WebLogic启动一段时间后,从垃圾回收的日志来看,经过垃圾回收,内存的占用一般会稳定在200m左右。但是WebLogic一般会在30天左右出现OutOfMemory。错误信息如下:
<Nov 1, 2010 10:22:00 AM GMT+08:00> <Error> <Server> <AppSev> <AppServer> <DynamicListenThread[Default]> <<WLS Kernel>> <> <> <1288578120680> <BEA-002608> <The ListenThread because of an error: java.lang.OutOfMemoryError: ZIP004:OutOfMemoryError, MEM_ERROR in inflateInit2
java.lang.OutOfMemoryError: ZIP004:OutOfMemoryError, MEM_ERROR in inflateInit2
at java.util.zip.Inflater.init(Native Method)
at java.util.zip.Inflater.<init>(Inflater.java:105)
at java.util.zip.ZipFile.getInflater(ZipFile.java:416)
at java.util.zip.ZipFile.getInputStream(ZipFile.java:359)
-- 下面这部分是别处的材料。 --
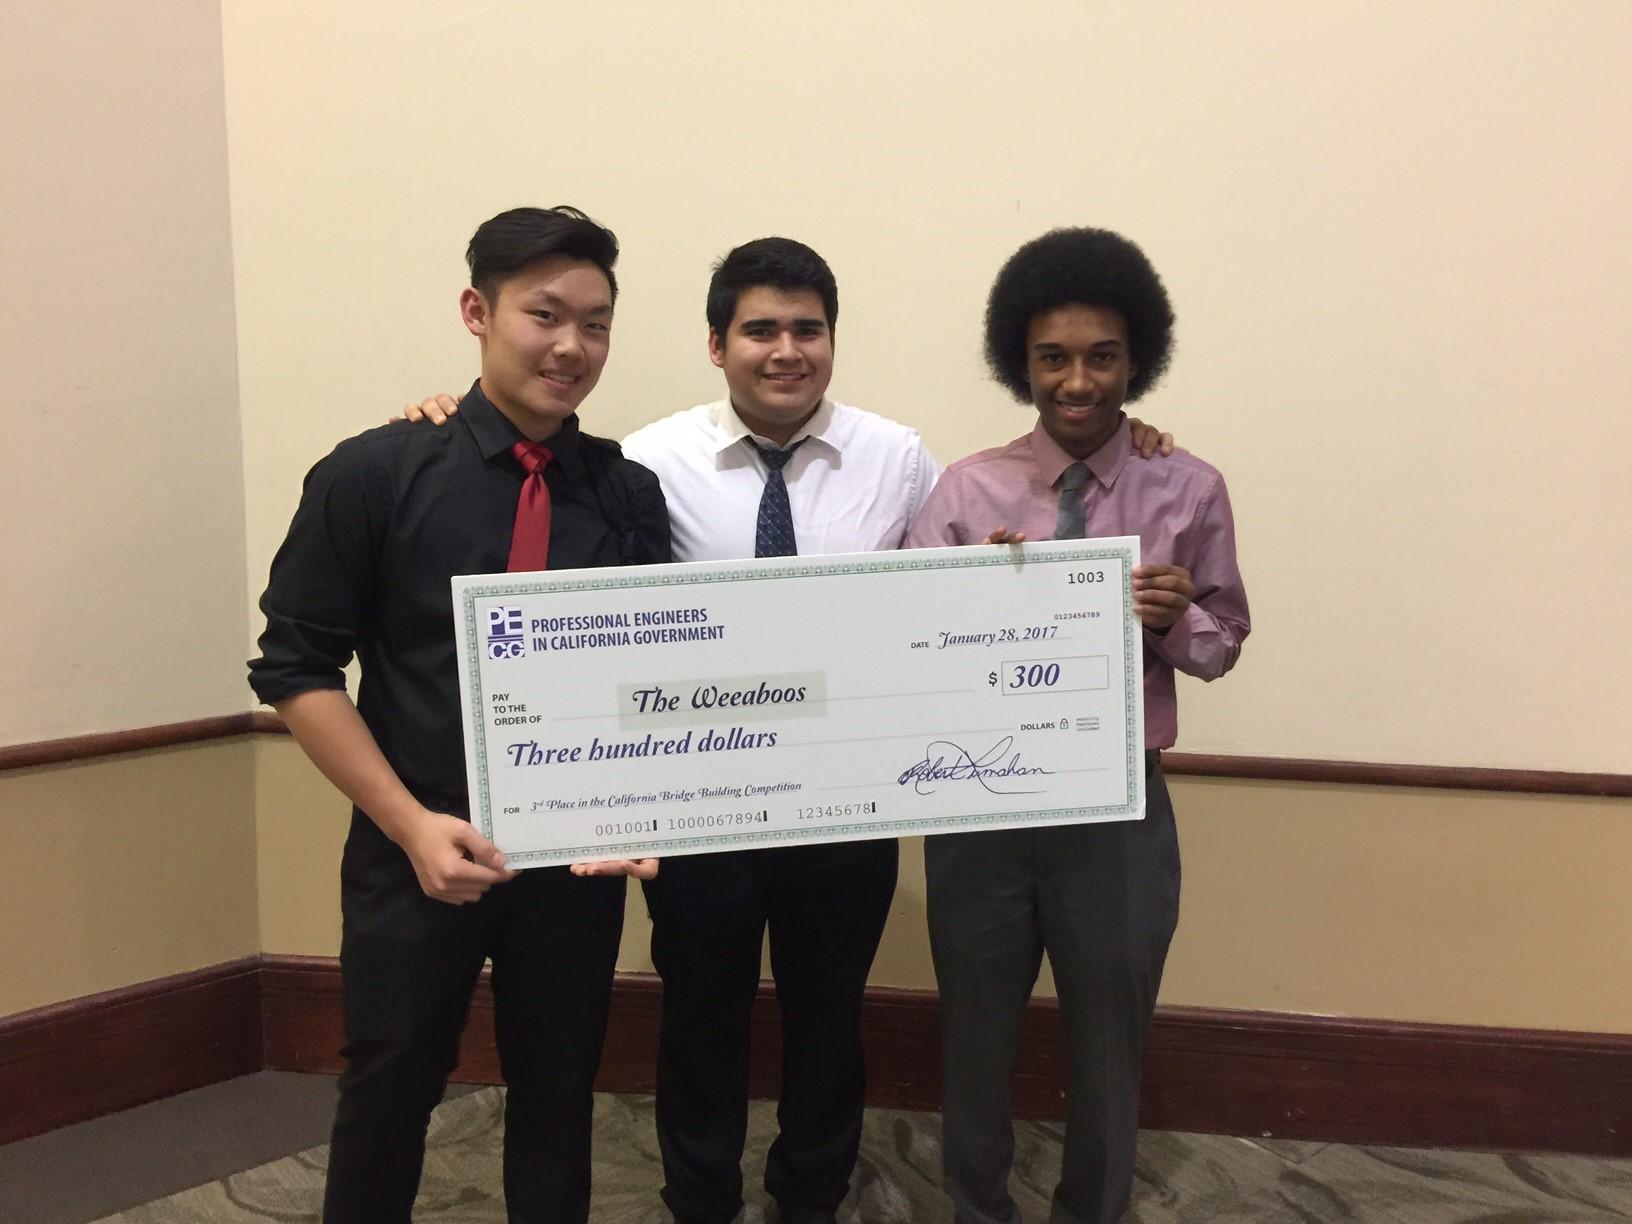 Third Place - Samson Nguyen, James Chairez, Osiris Brown

at java.util.zip.ZipFile.getInputStream(ZipFile.java:324)
at java.util.jar.JarFile.getInputStream(JarFile.java:417)
at sun.net.www.protocol.jar.JarURLConnection.getInputStream(JarURLConnection.java:165)
at java.net.URL.openStream(URL.java:1041)
at java.lang.ClassLoader.getResourceAsStream(ClassLoader.java:460)
at java.util.ResourceBundle$1.run(ResourceBundle.java:1101)
at java.security.AccessController.doPrivileged(AccessController.java:193)
at java.util.ResourceBundle.loadBundle(ResourceBundle.java:1097)
at java.util.ResourceBundle.findBundle(ResourceBundle.java:942)
at java.util.ResourceBundle.getBundleImpl(ResourceBundle.java:760)
at java.util.ResourceBundle.getBundle(ResourceBundle.java:716)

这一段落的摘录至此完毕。